From what I can recollect, the emphasis of the curriculum was always on ensuring that facts weren't forgotten, like chemical equations or mathematical formulae. And while this approach was fine enough to see me through exam after exam where I filled in blanks with the correct names and dates and places and numbers, I was never asked to play out a scene in my mind where a person, of flesh and blood named so-and-so, did on so-and-so date and at so-and-so place, something that has come to be signified by so-and-so number, thus depriving me of the inimitable power of putting one’s imagination to use.
The Shadow Lines is the story about this inimitable power. And it is written so effectively that a mere mortal like me is bound to forget, conveniently enough, that he is fucking stupid with anything that involves facts, and is instead able to view (in IMAX 3D, believe me) the events being described exactly as they transpired on so-and-so dates.
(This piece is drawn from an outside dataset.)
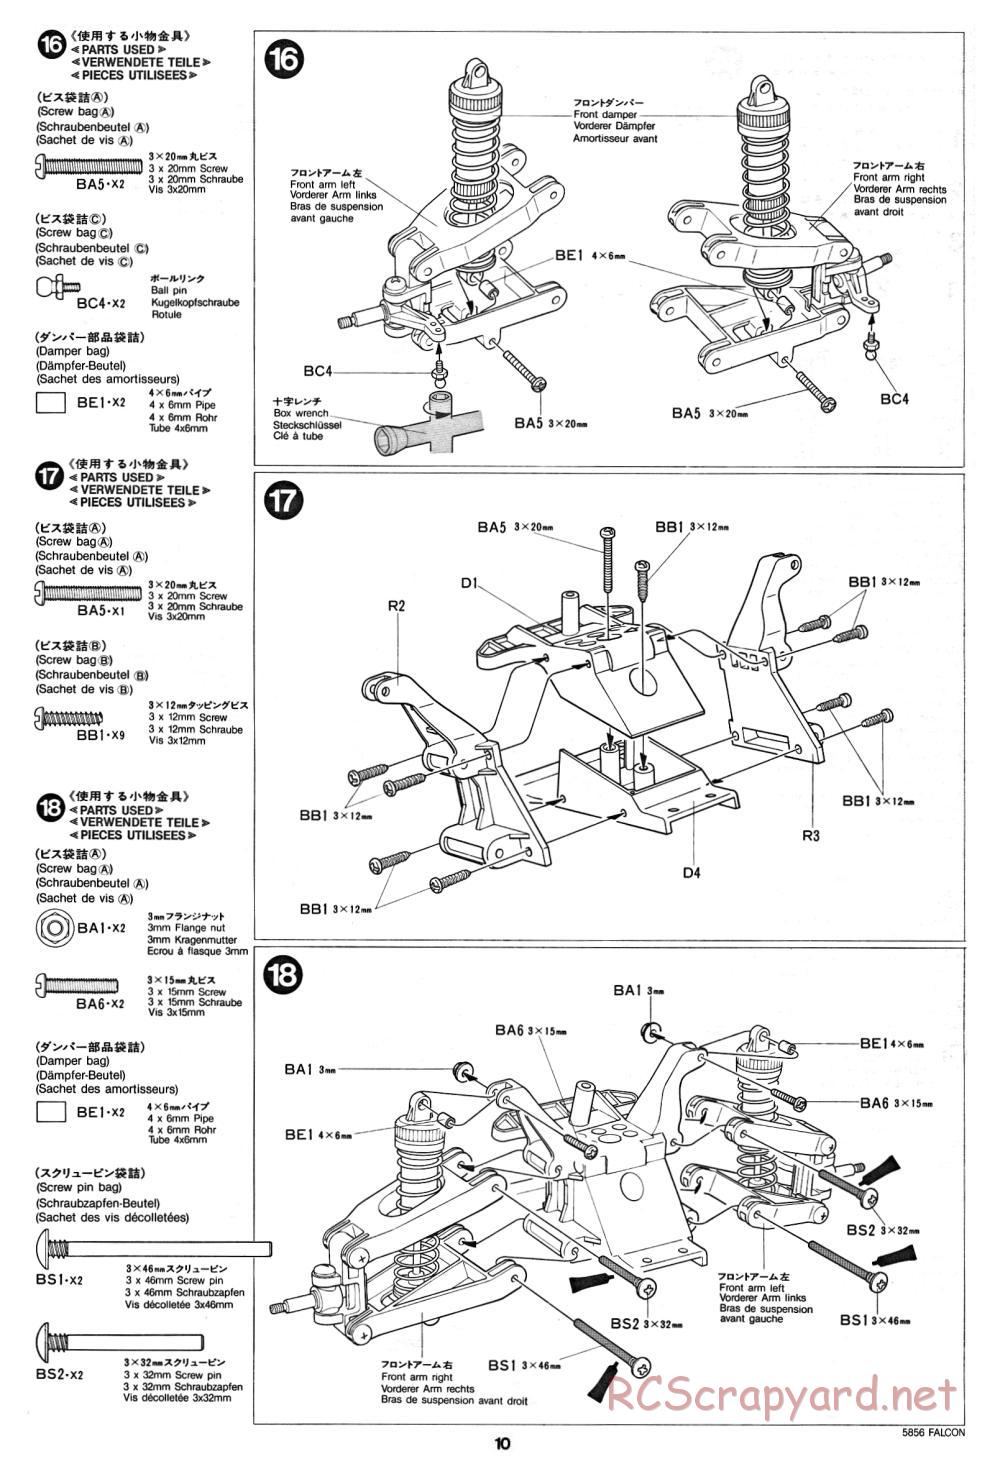 Tamiya - The Falcon - 58056 - Manual - Page 10
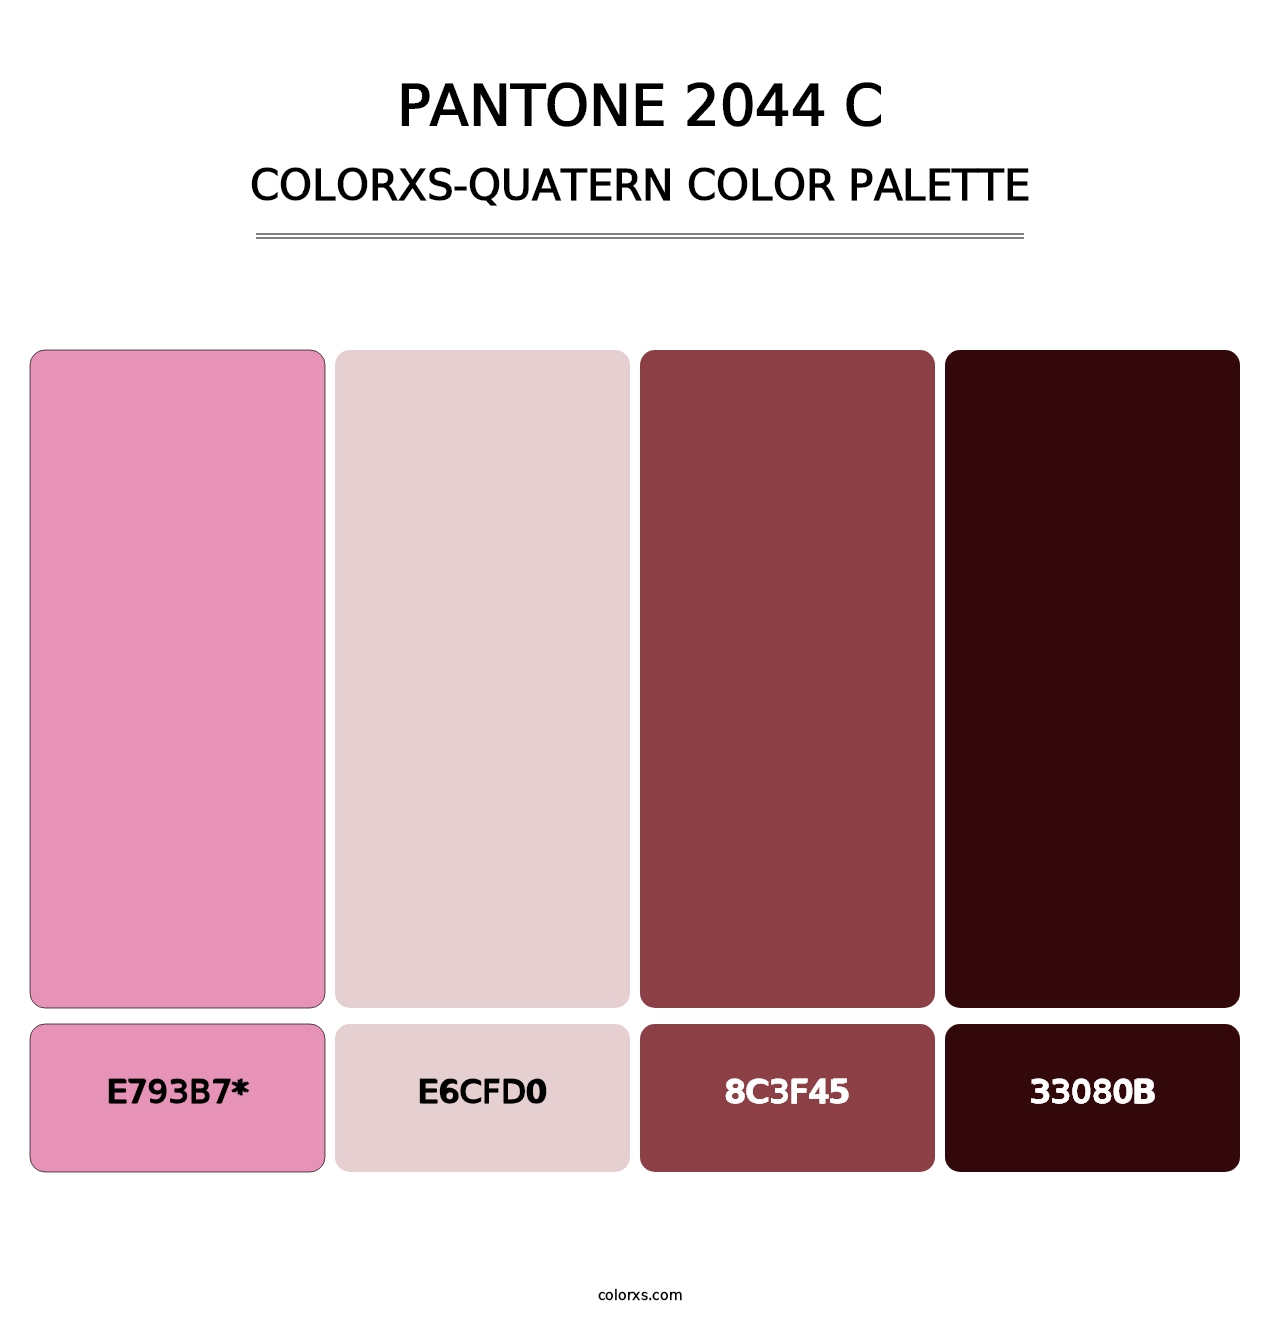 PANTONE 2044 C - Colorxs Quatern Palette

Although I found it difficult to follow at few places, Ghosh does a terrific job at shifting the narrative from one timeline to the other without a break in his writing. One particular scene in a closed attic where three timelines converge into one is simply breathtaking. This may take some getting used to, but definitely stands out as a positive literary takeaway in the end.
Ah! The end…
To put something so guttural and heart wrenching into words, I am at loss here. But I can tell you this- I was left with the hair on my arms standing, the back of my neck perspiring, and my mind unsettled by the time I reached the last line of the last page.
Distressing as hell.
To conclude, as with any other book written by him, I cannot help but recommend Amitav Ghosh’s Shadow Lines to any living soul who wishes to understand how vibrant and deep one’s perception of our collective past and our collective present becomes when one learns to apply his imagination to the study of history and places.
It is an astounding trivia indeed that a book published in the year of my birth still has the capacity to leave me shaken in this day and age.
Thank you for the mention. It's also rather surprising, since I'm reasonably sure my digressions make me a bore rather than anything else.
That said, what is Geography but the story or humanity's relationship with the land - an attempt to understand the world we live in? Understanding Geography is understanding why we grow the crops we do, why typhoons happen in Middle America and thunderstorms in the North, why the Niagara Falls are majestic in their grandeur while the Yamuna is indistinguishable from a drainage canal.
History - with all it's distortion and the dullness with which it is taught - is the greatest story never told. It's our collective memory, it's the story of the great European conquest of America and the brutal oppression of the Native Americans, it's the story of England's cruel colonisation of the Orient and of how a tiny Island with terrible weather grew to conquer half the world. It's the story of the might of Rome, the resistance of the Goths, the cruelty of India's Hindu kings and the generosity of it's Muslim Emperors, the subjugation and emancipation of people.
How can these subjects not be fascinating? The fact that they are, in fact, taught so boringly says more about the lack of quality in our teachers than the content itself.
Oh, and great review. But I told you that already.
This is an excellent review. As a reader this is what I look forward to in a review.
Thank you old chap. Your comment means a lot to me.